* Work order
Everything from the line containing "Think Big Movement" through the last line of the listing below should be returned exactly, except for pictures.
### Data ###
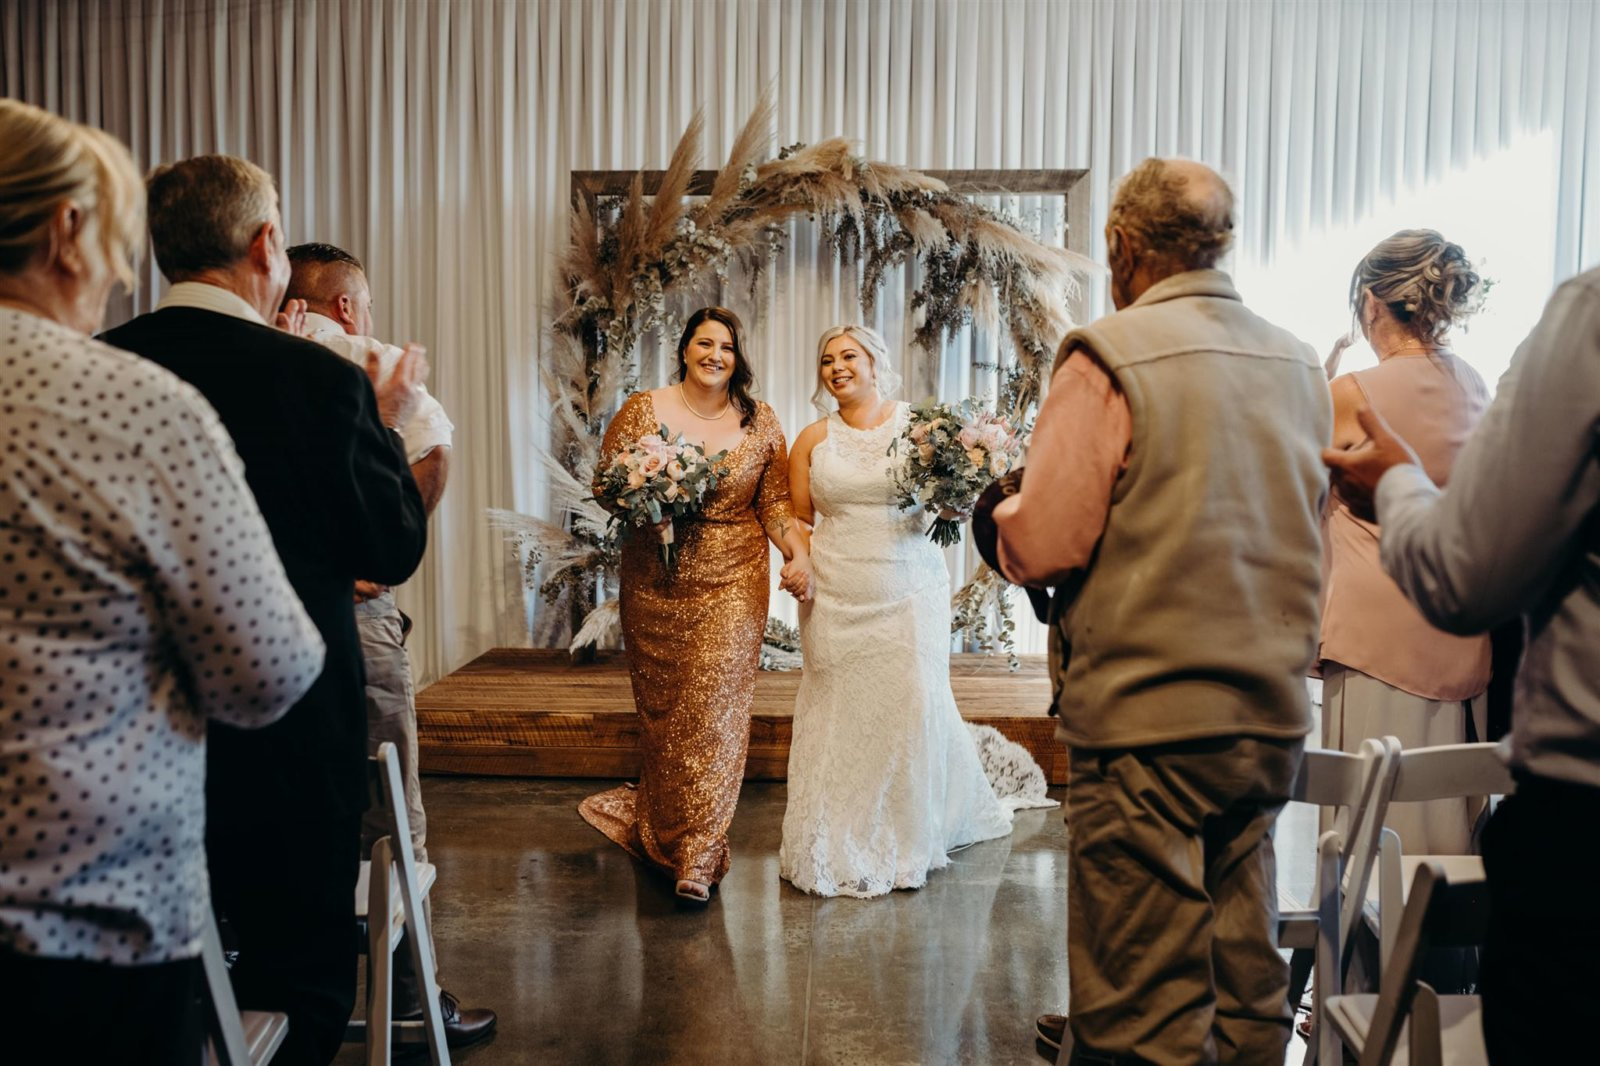 How to Walk Down the Wedding Aisle as a Same-Sex Couple - Lesbian Wedding Inspiration
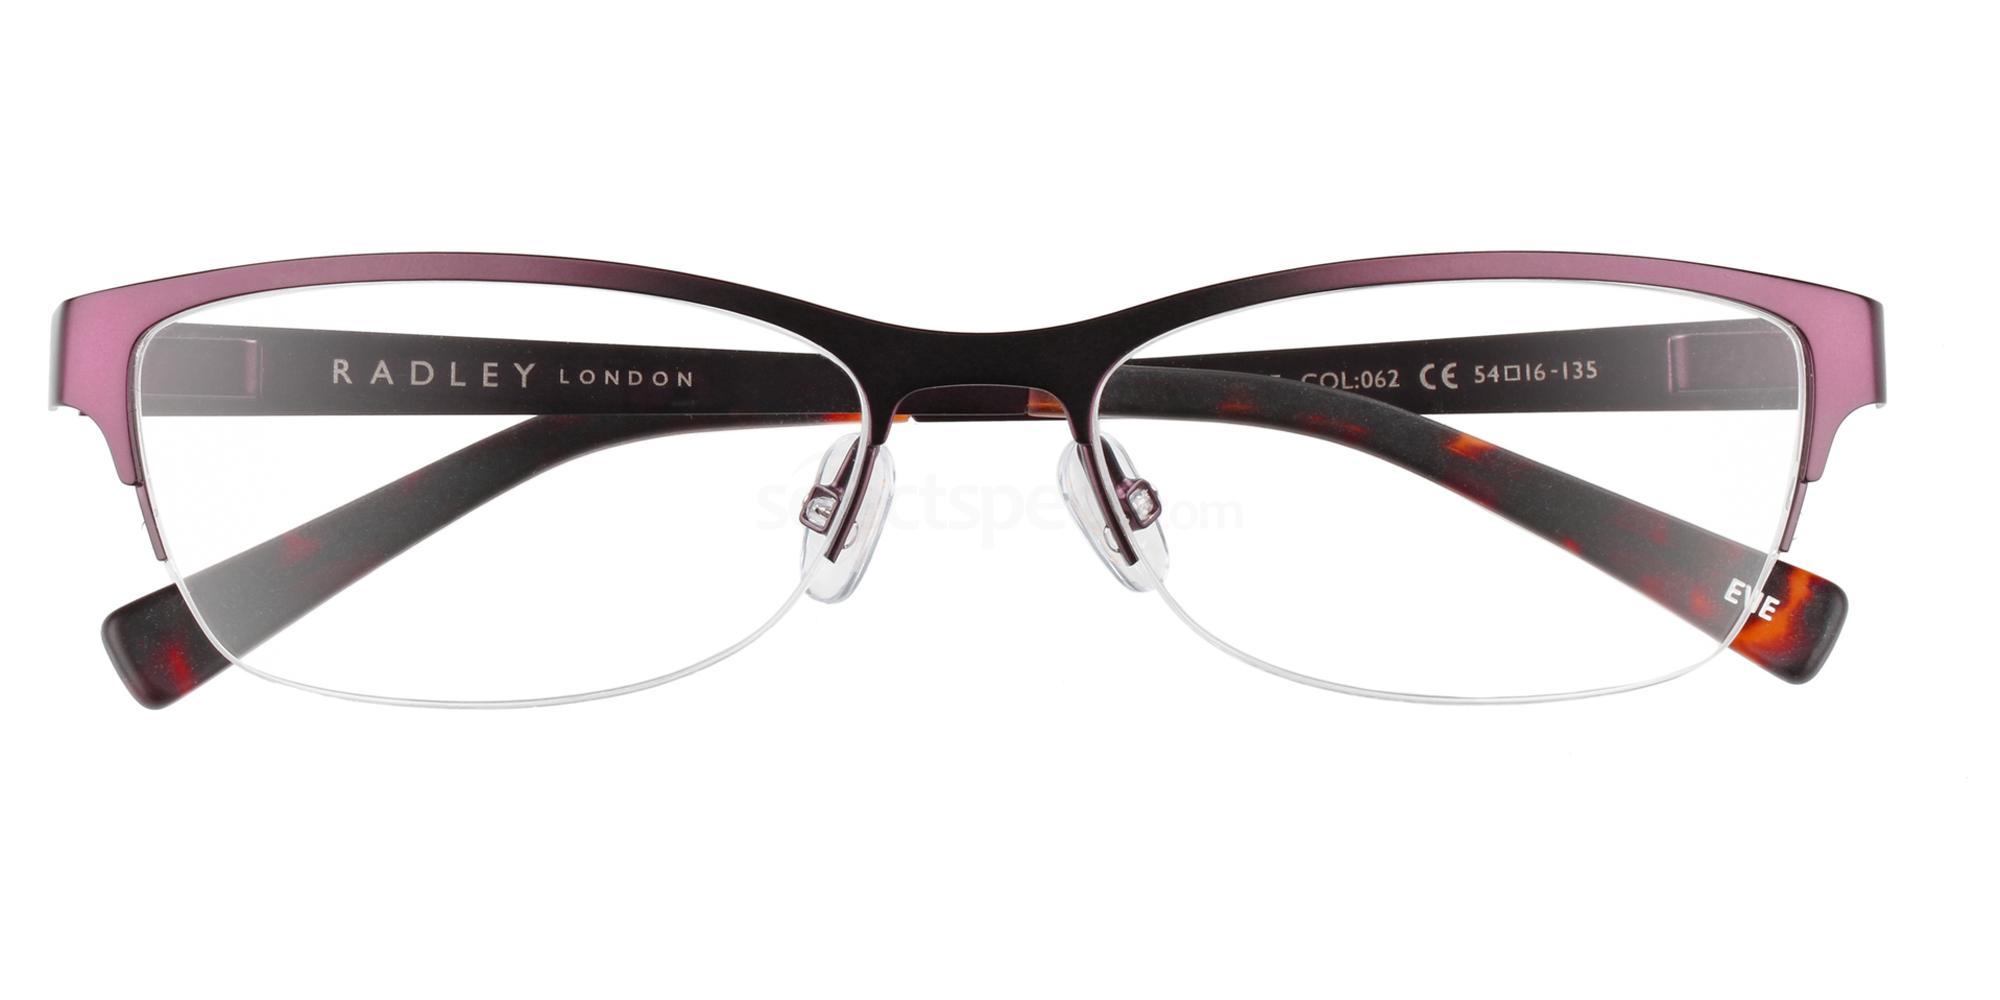 062 RDO-EVIE Glasses, Radley London
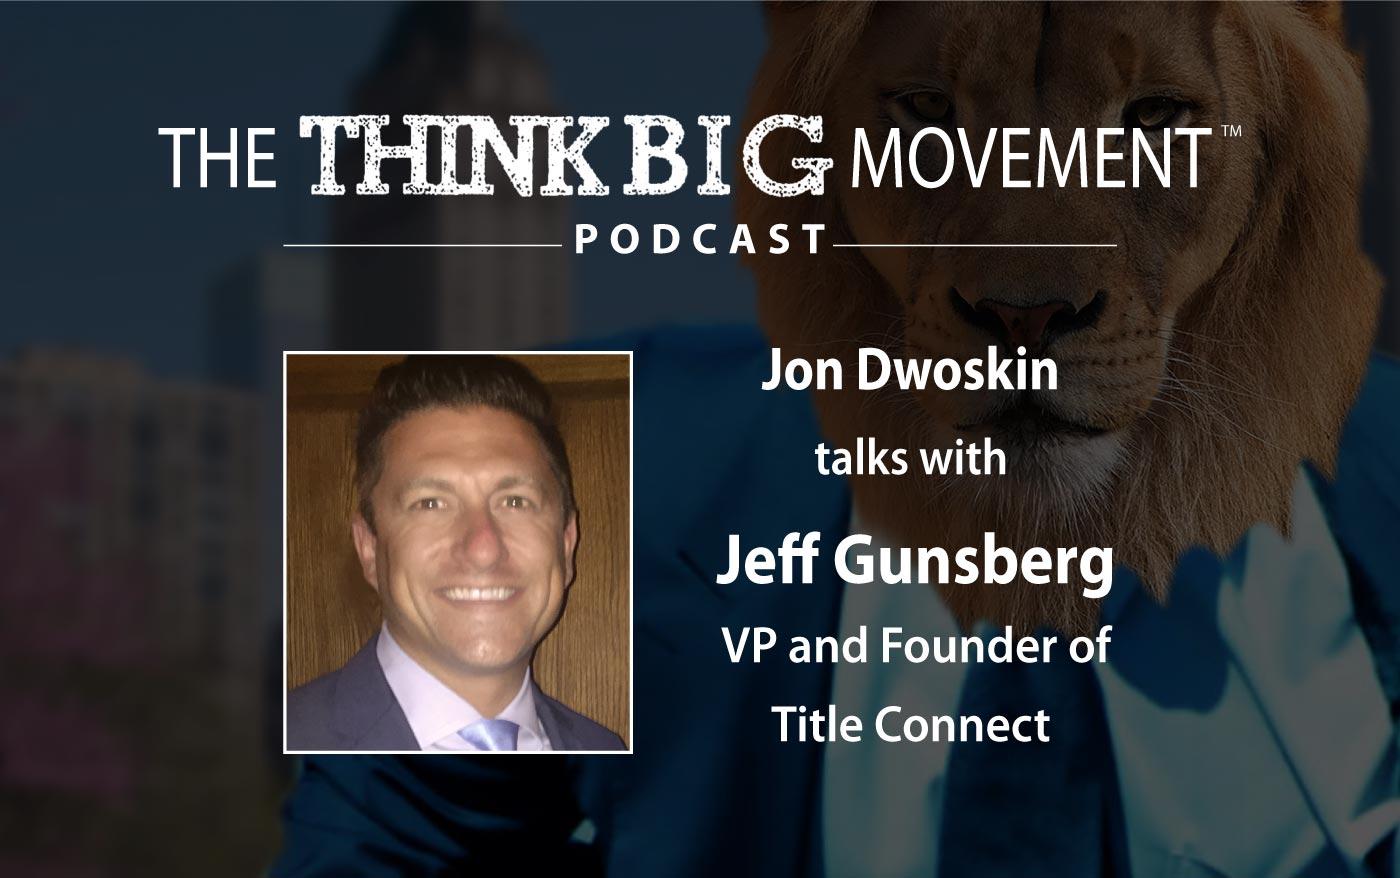 Think Big Movement Podcast - Jon Dwoskin Interviews Jeff Gunsberg
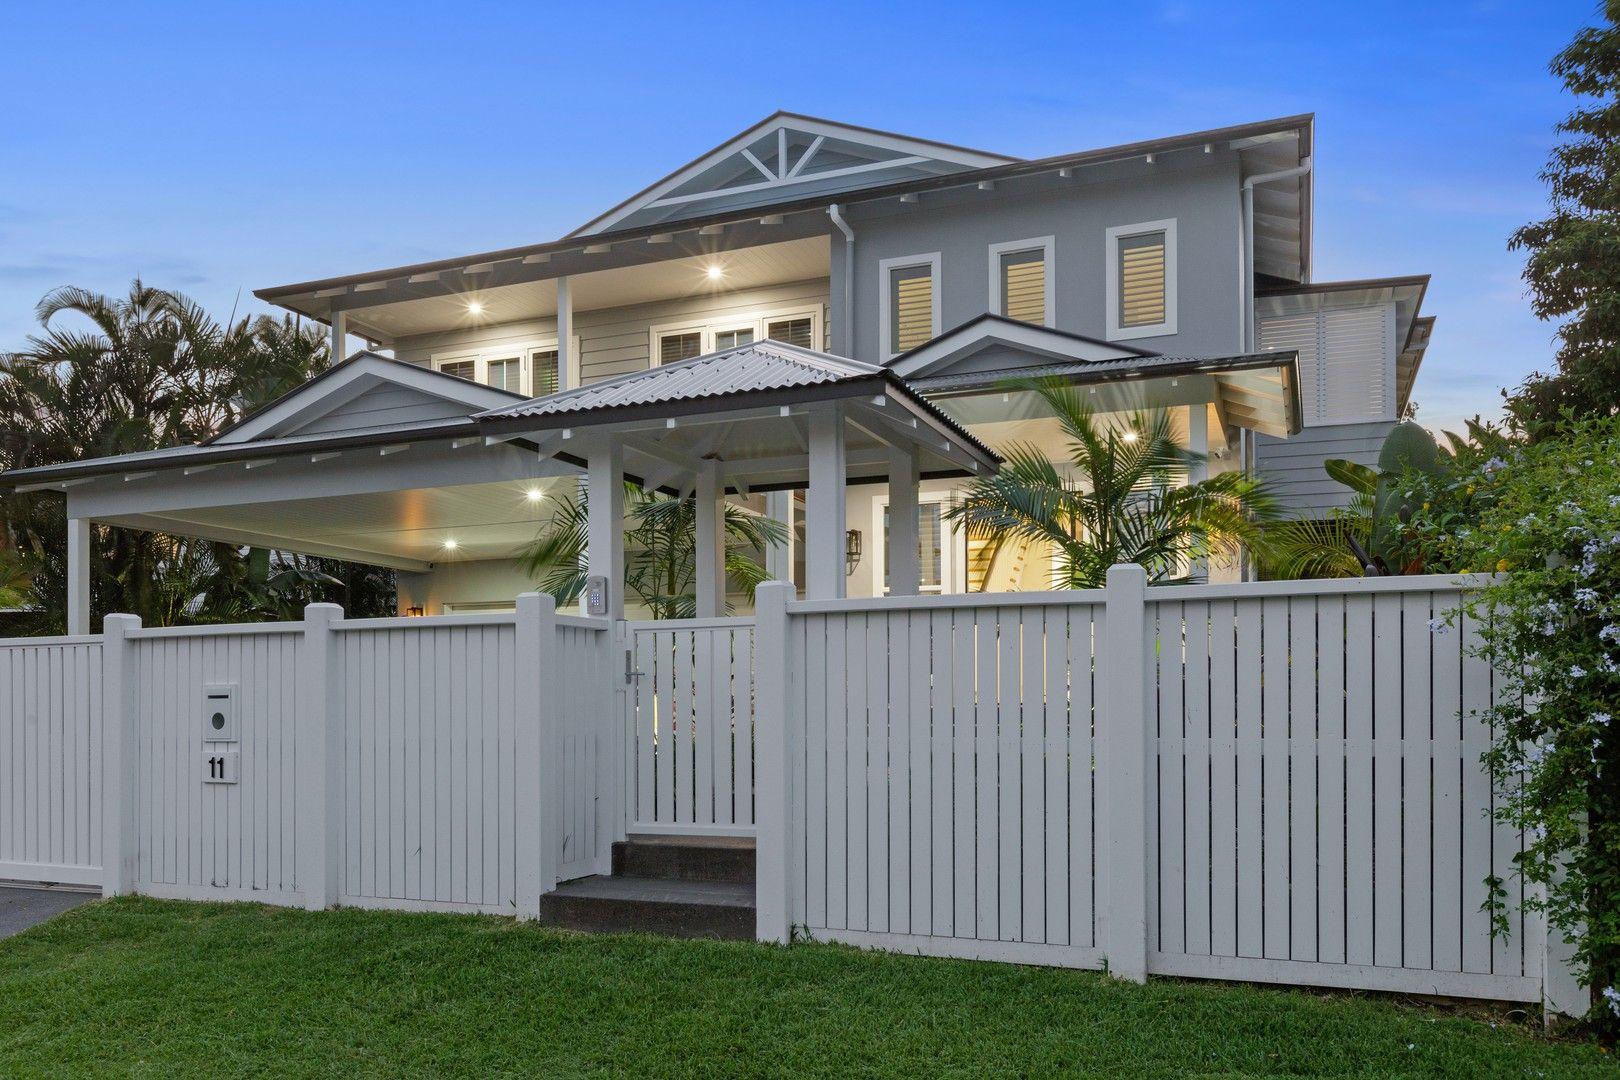 11 Jaora Street, Graceville QLD 4075, Image 1
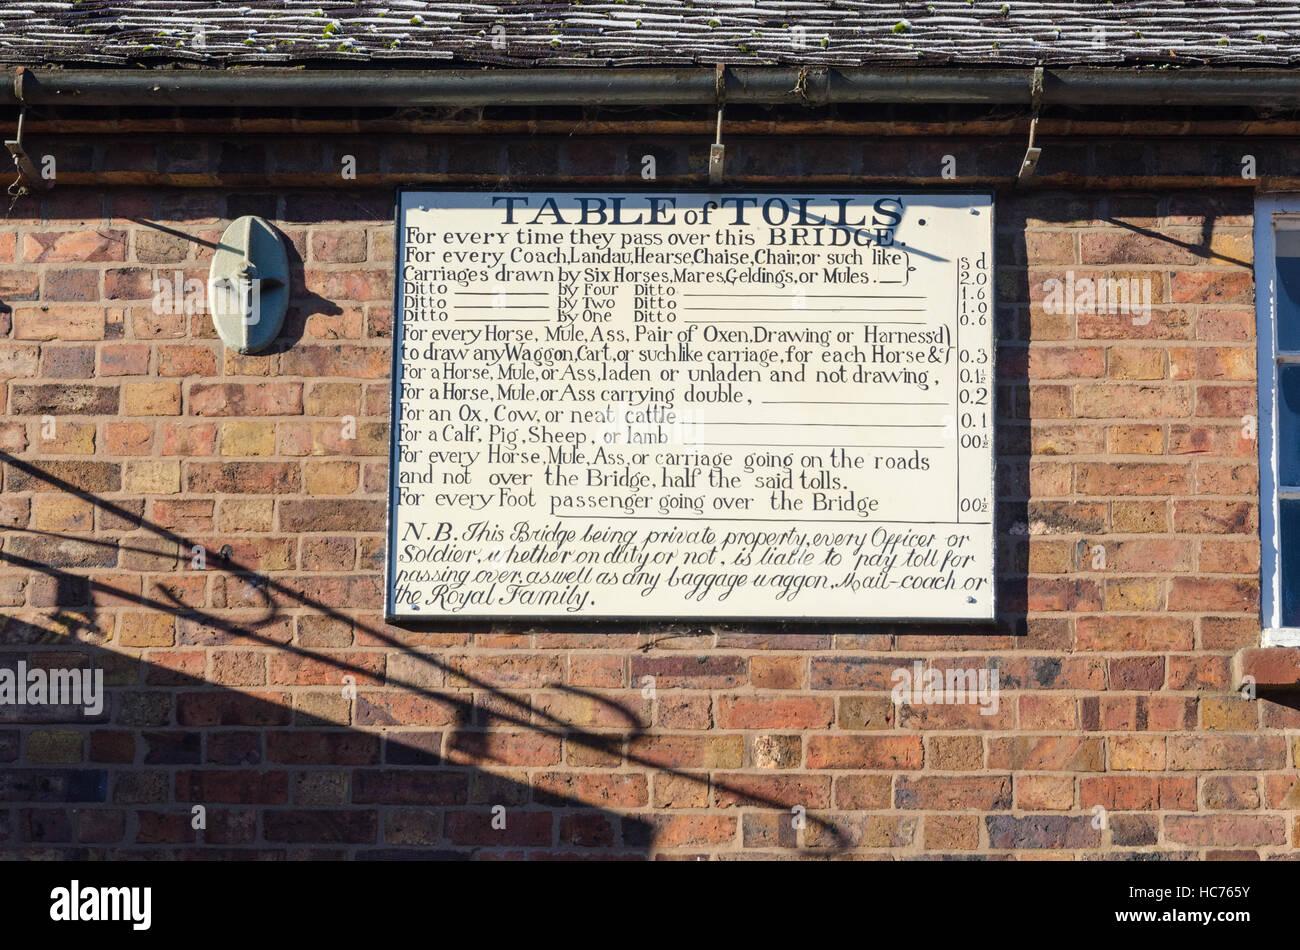 Iron Bridge Toll House in Ironbridge, Shropshire - Stock Image
###
* Your response
 Think Big Movement Podcast - Jon Dwoskin Interviews Jeff Gunsberg
 11 Jaora Street, Graceville QLD 4075, Image 1
 Iron Bridge Toll House in Ironbridge, Shropshire - Stock Image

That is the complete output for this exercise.